Извращенное существование не способно к самоубийству, ибо бог его – дежавю, нулевая смерть. Новое – это лишь версия взрыва, псевдоновое. Последовательность псевдовзрывов и создает всю фактуру нынешней, современной литературы как модели интерпретации, не как воспроизводящей себя "копии", но именно как "модели", в которой "взрывы" отсылают лишь к другим "взрывам", но – на уровне гиперреальности. Современный писатель взрывает саму Литературу как систему бесконечно множащихся "взрывов". Только в этом случае взрыв становится Событием, а потому – реально новым и единственным Взрывом.

Таким образом, современный писатель взрывает не столько систему знаков, не столько стиль, каковой давным-давно мертв, сколько суперсистему, тщетно пытающуюся получить удовольствие от симуляции, от иллюзорности стиля, от сношения с мертвецом.
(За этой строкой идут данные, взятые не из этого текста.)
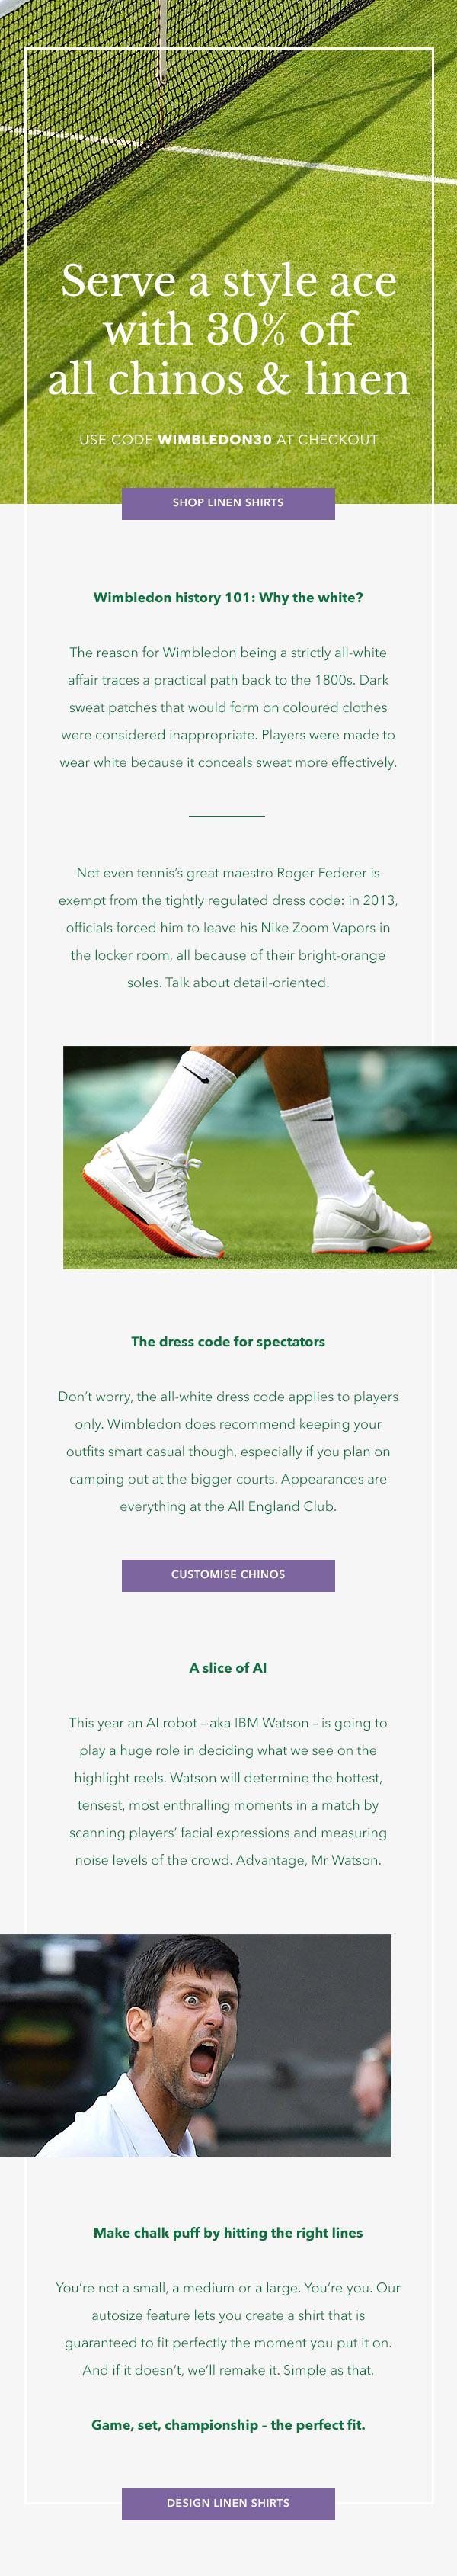 Wimbledon email

Литература – это некрофилия, любовь к трупу, но любовь с удвоенным извращением – любовь, выродившаяся в исступленные забавы маньяков, насилующих покойников мужского пола. Стиль никогда не давал опыта наслаждения, каковой может подарить только "порхание", он заставлял автора кончить в сиюминутном эстетическом экстазе. Однако ныне, после смерти стиля, экстаз этот не что иное, как симуляция с претензией на авангард. Нет более стиля, есть псевдостили, порождаемые псевдовзрывами. Взорвать стиль невозможно, он благополучно умер. Нынешние авангардисты взрывают миражи. Это не авангардист убил некогда стиль, стиль сам покончил с собой, кончил самоубийством. Вот этим самым удовлетворением, УДОВОЛЬСТВИЕМ он и готовил свою собственную смерть, ибо бесконечное НАСЛАЖДЕНИЕ и стиль несовместимы.

Сегодня же осталась стилизация, сама суть которой – дежавю, уже виденное, отсылка к тому же самому, садомазохистское надругательство над покойником в раскопанной могиле. Поиски стиля – не что иное, как раскапывание могил – украдкой, по ночам, чтобы никто не заподозрил в тяге к извращению новоиспеченного авангардиста. Преклонение перед нынешним авангардом – версия ритуала вуду: зомбированный новатор напрасно умоляет эстетствующую публику захоронить его в одной могиле со столь горячо любимым им стилистом… Время не то: критики готовы петь ему дифирамбы, читатели с трепетом в сердце на коленях взирают на своих кумиров, коим самой судьбой уготовано вечное возвращение на перекопанное кладбище с опрокинутыми надгробиями. Только порхание бабочки способно закрыть эти девятые врата, взорвать саму систему поклонения, поднять с колен ослепленных псевдоновизной, разоблачить реальность, сорвав с нее покровы иллюзии, - столкнуть с самим Реальным. Лишь вторжение События изгоняет страх недостижимого. Современный писатель – Изгоняющий дьявола, разрушитель авторства как такового. Только в этом случае человек, вступающий в литературу, никогда не станет автором, ибо то, что автор подавлял (будучи автором, он не мог не подавлять), будет высвобождено, выступит с периферии, пограничья, перестанет быть маргинальным, принося в дар символическую смерть.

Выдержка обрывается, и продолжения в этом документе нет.